Lubrizol Corporation
- Company type: Subsidiary
- Industry: Chemicals
- Founded: 1928; 98 years ago
- Headquarters: Wickliffe, Ohio, United States
- Key people: Rebecca Liebert (president and CEO)
- Products: Specialty chemicals
- Revenue: Approximately $6.5 billion (2016)
- Owner: Berkshire Hathaway
- Number of employees: Approximately 7,000+
- Divisions: Lubrizol Additives Lubrizol Surface Sciences Lubrizol Engineered Materials
- Website: www.lubrizol.com

= Lubrizol =

U.S. chemical company

Lubrizol Corporation is a global provider of specialty chemicals for the transportation, industrial and consumer markets. These products include additives for engine oils and other transportation-related fluids, additives for industrial lubricants, and additives for gasoline and diesel fuel. In addition, Lubrizol makes ingredients and additives for personal care products, pharmaceuticals and medical devices, specialty materials, including plastics technology, and coatings in the form of specialty resins and additives.

Since 2011, Lubrizol has been a subsidiary of Berkshire Hathaway.
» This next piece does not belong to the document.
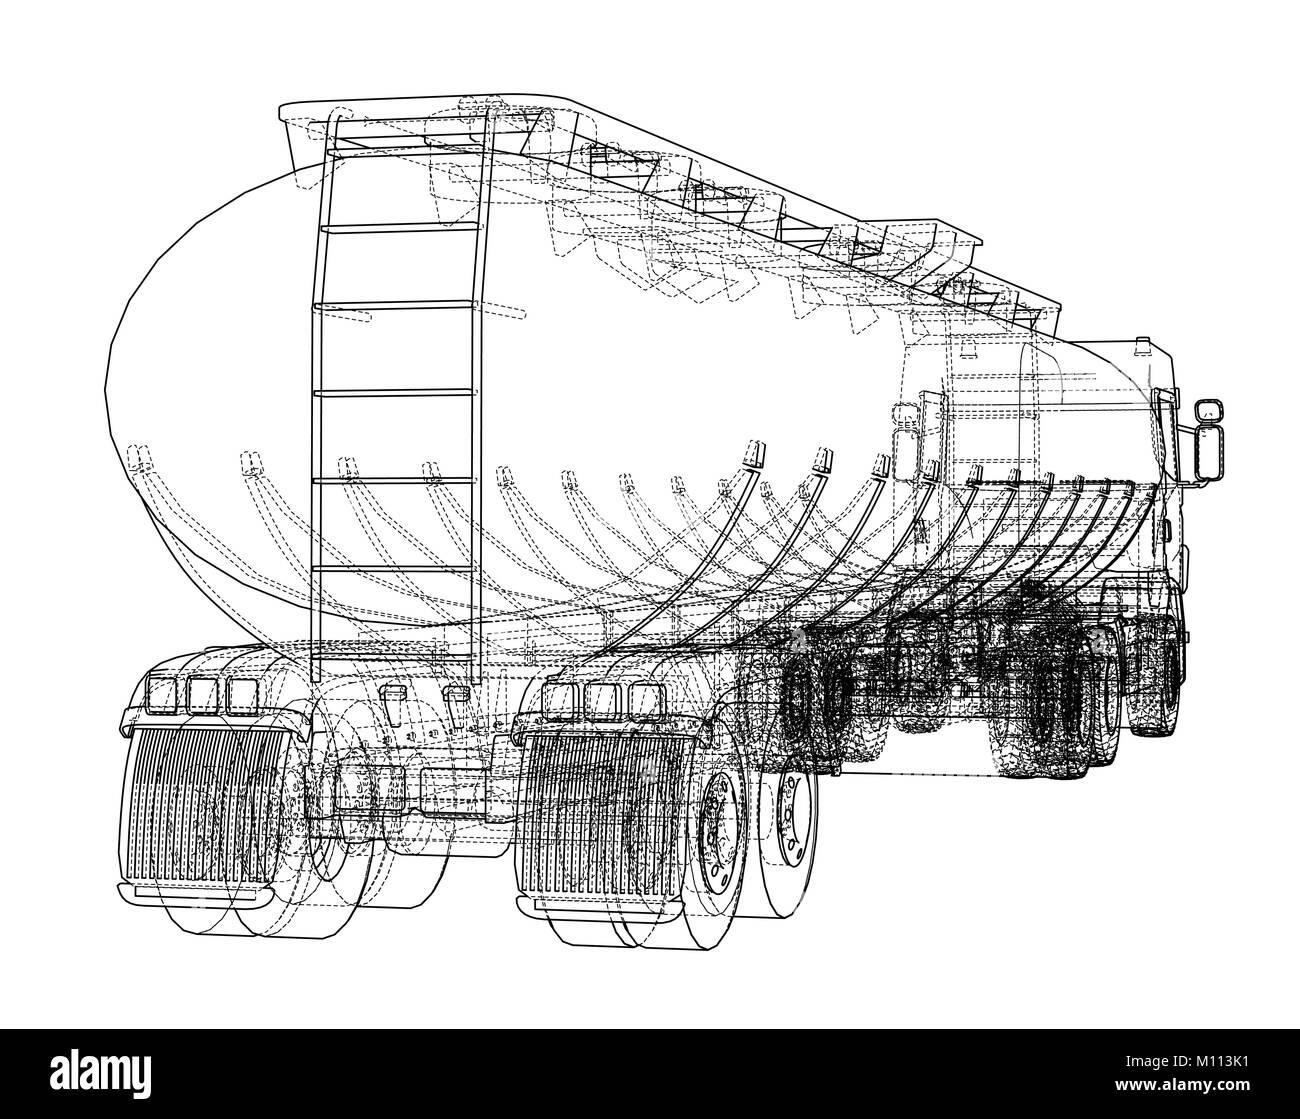 Fuel Lorry Tanker Stockfotos & Fuel Lorry Tanker Bilder - Seite 2 ...

It generated $6.5 billion in revenue in 2016 and has an employee headcount of approximately 8,300 people globally.

== History ==
The Lubrizol Corporation was founded in 1928 as The Graphite Oil Products Company in Cleveland, Ohio, by father Frank A. Nason and son Francis A. "Alex" Nason, Thomas W. James and brothers Kent H. Smith, Vincent K. Smith and A. Kelvin Smith. The company's first product was a graphite lubricant and applicator for early automobiles. In 1929, the company changed its name to The Lubri-Graph Corporation. It moved to Wickliffe, Ohio in 1931. In 1934, Lubri-Graph changed its name to The Lubri-Zol Corporation. The name changed to Lubrizol in 1943.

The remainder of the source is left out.